Minor Child L.B.L was born to Respondent Pollard (Mother) in May 2017. Child was born addicted to methamphetamine and PCP. The next two and a half years of Child's life were tumultuous. As an infant he stayed with Mother in a rehabilitation facility. In 2018, Father was convicted of assault and battery in the presence of a minor child. During the summer of 2019, the Department of Human Services investigated whether and under what circumstances Child might safely remain with either or both parents. On August 4, 2019, while staying with Father, Child was found in the afternoon wandering alone in a parking lot, wearing only a diaper. Child was returned to Father. Around the same time Mother tested positive for drugs. Child was put in Father's custody under a safety plan which prohibited visitation by Mother, but Father nevertheless allowed her to have contact with Child. In late August, DHS removed Child from Father's custody and briefly placed him with a third party. Child was last in Mother's care on August 28, 2019.

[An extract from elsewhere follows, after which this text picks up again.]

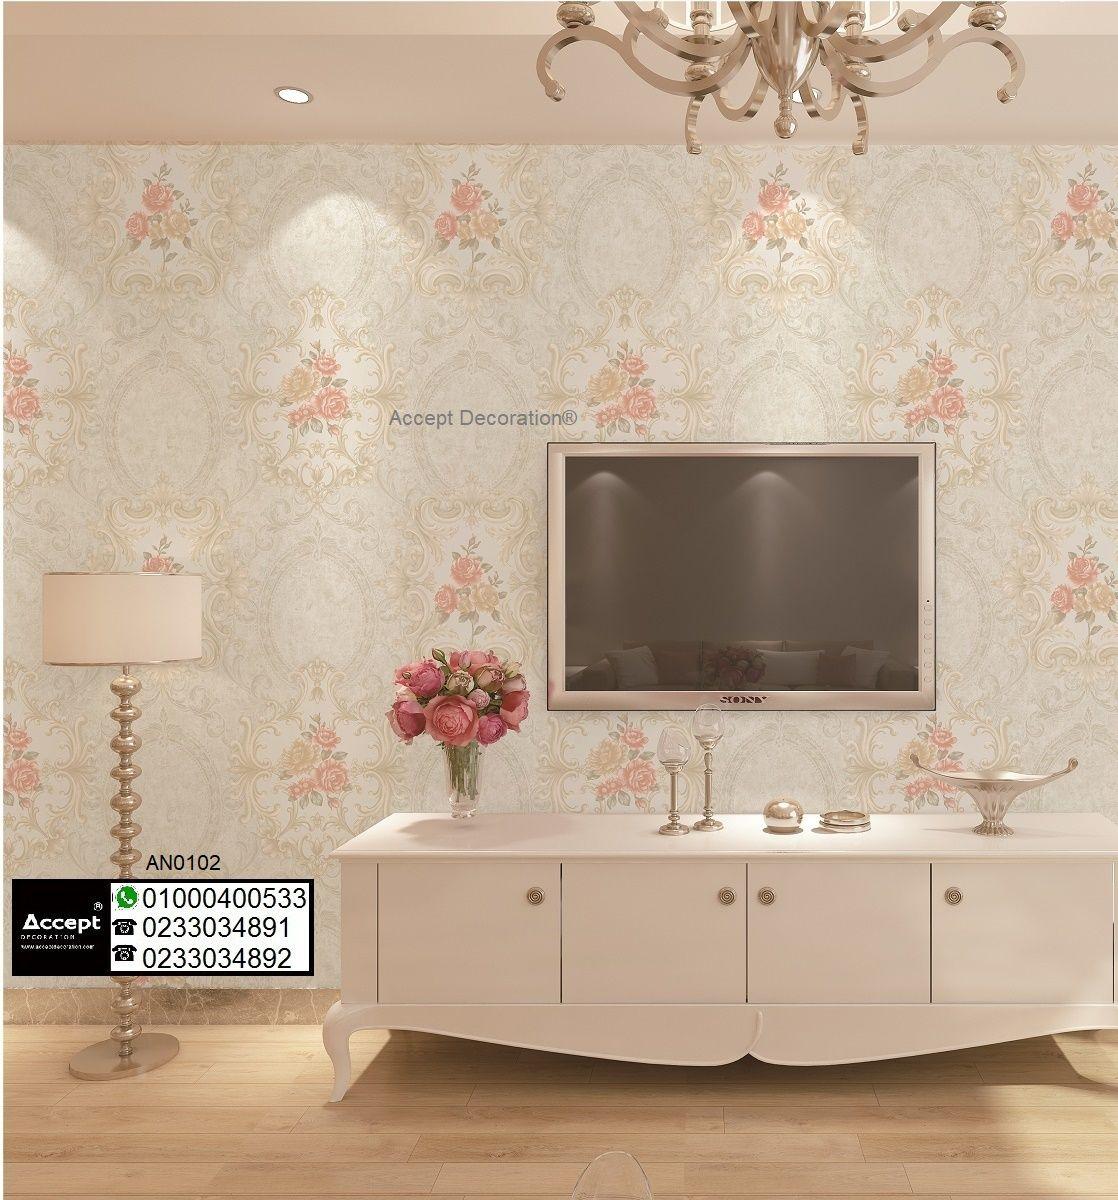 ورق جدران مودرن ورق الجدرن ورق حائط غرف النوم Feature Wall Living Room Girls Bedroom Furniture Dining Room Interiors

On September 19, 2019, Petitioners, the Lloyds (Guardians), Child's paternal uncle and aunt, were appointed Child's emergency guardians. They were granted full guardianship on December 3, 2019. In connection with this, the trial court issued guardianship standards imposing requirements on Mother and Father before the guardianship could be terminated. These included clean drug tests, attendance in long-term counseling, and assessment and compliance with recommendations for domestic violence and mental health issues.1 The guardianship court held child support in abeyance pending review. When the temporary guardianship began, Guardians started Child on therapy as well as educational and medical intervention, to address his cognitive problems and developmental delays.

Outcome: Sometimes, this can only be done by ensuring the parent's due process rights are protected, then considering which outcome is in the child's best interests. Here, the Court of Civil Appeals specifically acknowledged the best interests of the child standard, but allowed it to be outweighed by other considerations in reaching its conclusion. Consequently, we vacate the Court of Civil Appeals opinion, affirm the trial court and remand the case to the court for further proceedings.